Strengths and limitations

This is the first meta-analysis to estimate optimal cut-off values for the ROX index and evaluate its diagnostic accuracy at different time points and time windows, and to provide high sensitivity and high specificity cut-off values at each time point. This can allow clinicians to make informed choices about the ROX cut-off to use while the patient is undergoing HFNC therapy.

There are some limitations of this analysis. As with any systematic review, we are dependent on the availability of data from the constituent studies. First, publicly available data were only available in aggregate form, instead of individual patient data (IPD), which would be most ideal for estimating diagnostic test performance. This necessitated estimation of the sAUC from the aggregates, rather than directly calculating the AUC. We were thus also unable to analyse the distribution of the ROX index for patients in general, to determine if changes in ROX index within the same patient had any diagnostic value, or to examine the performance of the ROX index in detail for other subgroups (for example, vaccinated versus unvaccinated individuals, immunocompromised individuals, or individuals who received antiviral or immunomodulatory drugs). This lack of IPD necessitated the subgroup analysis to be performed based on study-level characteristics such as mean age and proportion of patients receiving corticosteroids. The lack of IPD, coupled with the sparsity of large studies with cut-off values that achieved 90% sensitivity/90% specificity, is a limitation to reliable calculation of estimated cut-off values for 90% sensitivity/90% specificity in subgroups such as time windows and nature of outcome. We also appreciate that sAUC estimated confidence intervals are relatively large, although this may be improved in the future as more data on HFNC use becomes available.

We are also aware that the absence of standardised reporting protocols for HFNC use can lead to sources of bias that are difficult to account for based on the extant literature. For example, few studies report at which point from onset of COVID-19 illness that the patient presented (which is potentially important as patient presenting very late or very early could have a different disease course [51,52,53]). Other sources of heterogeneity include the definition of HFNC failure, where some studies reported a composite outcome including mortality, on top of the need for intubation or mechanical ventilation. Another source of heterogeneity is the lack of reporting of intubation criteria. The variability in determining when intubation should be initiated would affect the performance of the ROX index. There was an overall lack of standardisation of the time horizon of outcomes in general. As more studies on HFNC and ROX are done, it may be worthwhile for consensus definitions of HFNC success and failure to be agreed on, and minimum reporting criteria for HFNC studies.

We are aware that modified versions of the ROX index exist, such as a modified ROX index [17] incorporating heart rate that was validated in a cohort of 145 patients.
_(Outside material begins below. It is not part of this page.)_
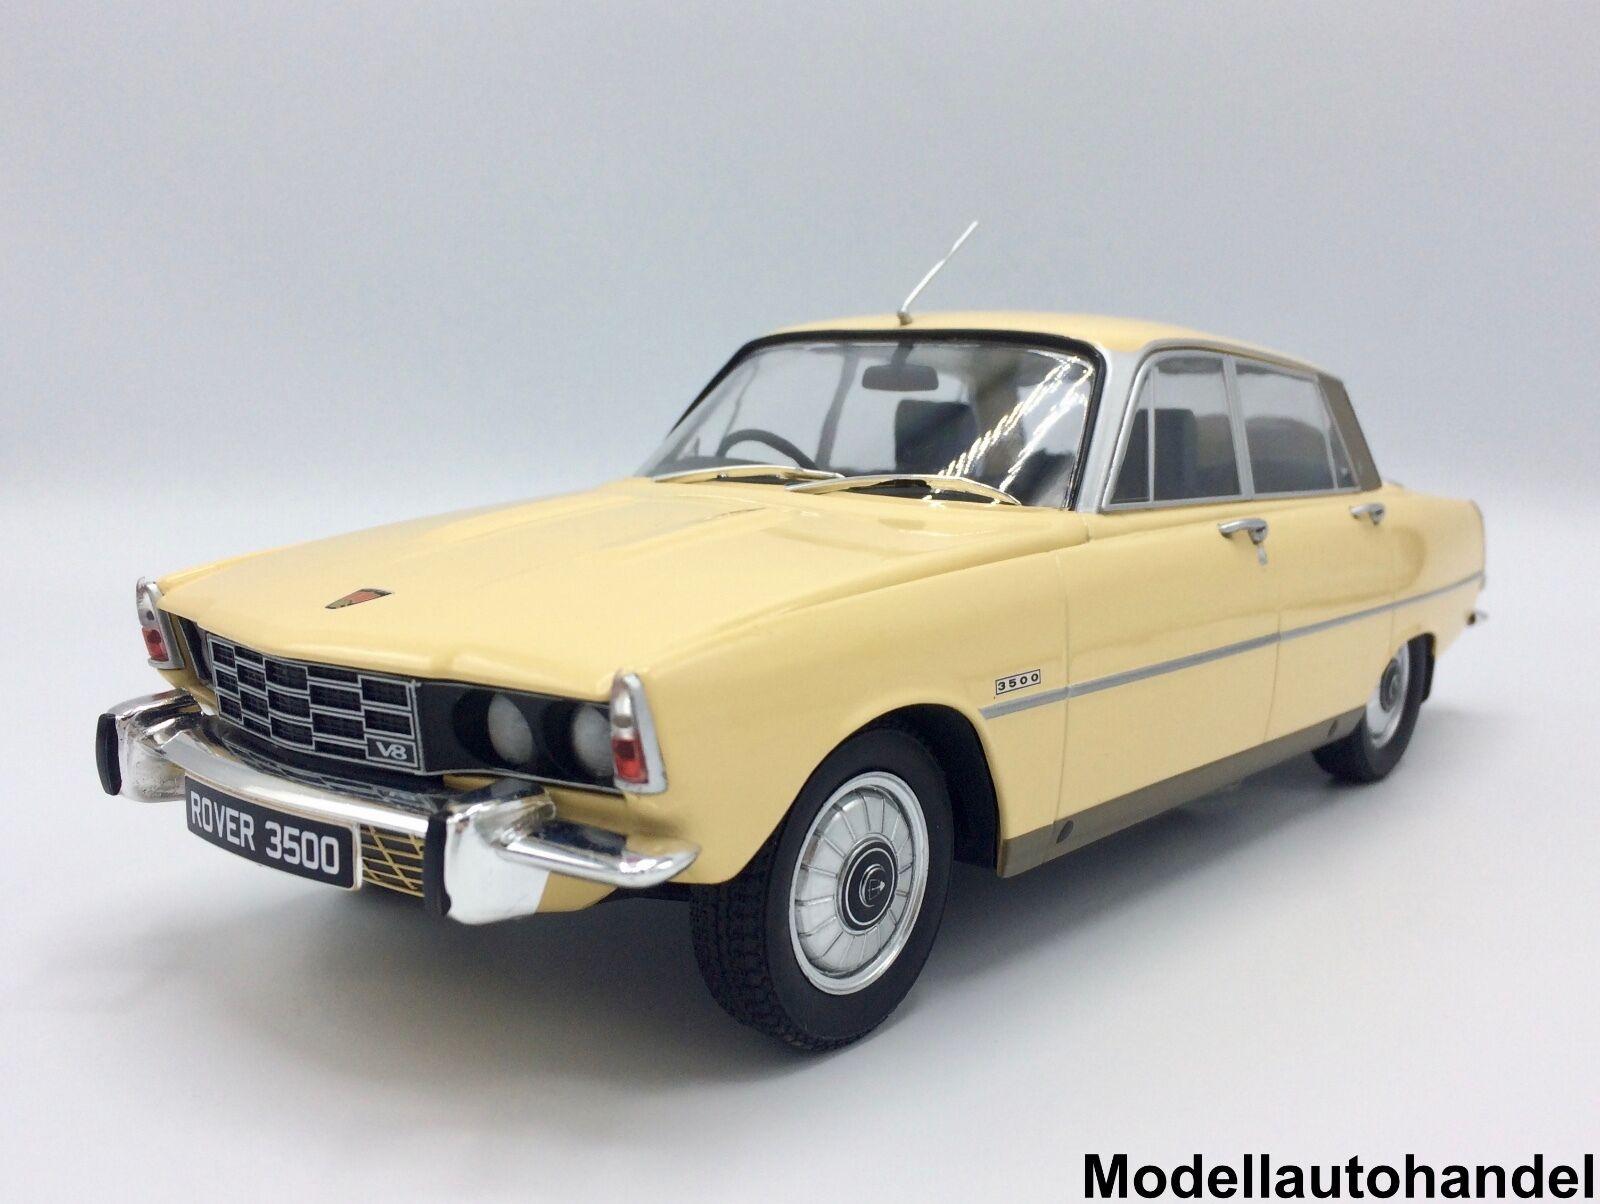 Rover 3500 V8 RHD 1974 oscuro amarillo 1 18 18 18 MCG   Nueva b22b89

There is an overall paucity of data on modified ROX models, and the performance of these alternative indices may be better addressed in future meta-analyses as more data become available.

Conclusion

The ROX index has a good diagnostic accuracy for HFNC failure in COVID-19 patients and performs the best at 6–12 h or later, post-initiation of HFNC. We suggest an optimal cut-off of 5.23 in general, but propose that healthcare providers also contextualise interpretation of the ROX index depending on the time from HFNC initiation. A higher specificity cut-off may be preferred closer to initiation to rule in HFNC failure, whereas a higher sensitivity cut-off could be used further from initiation to rule out HFNC failure and justify continuation of HFNC treatment.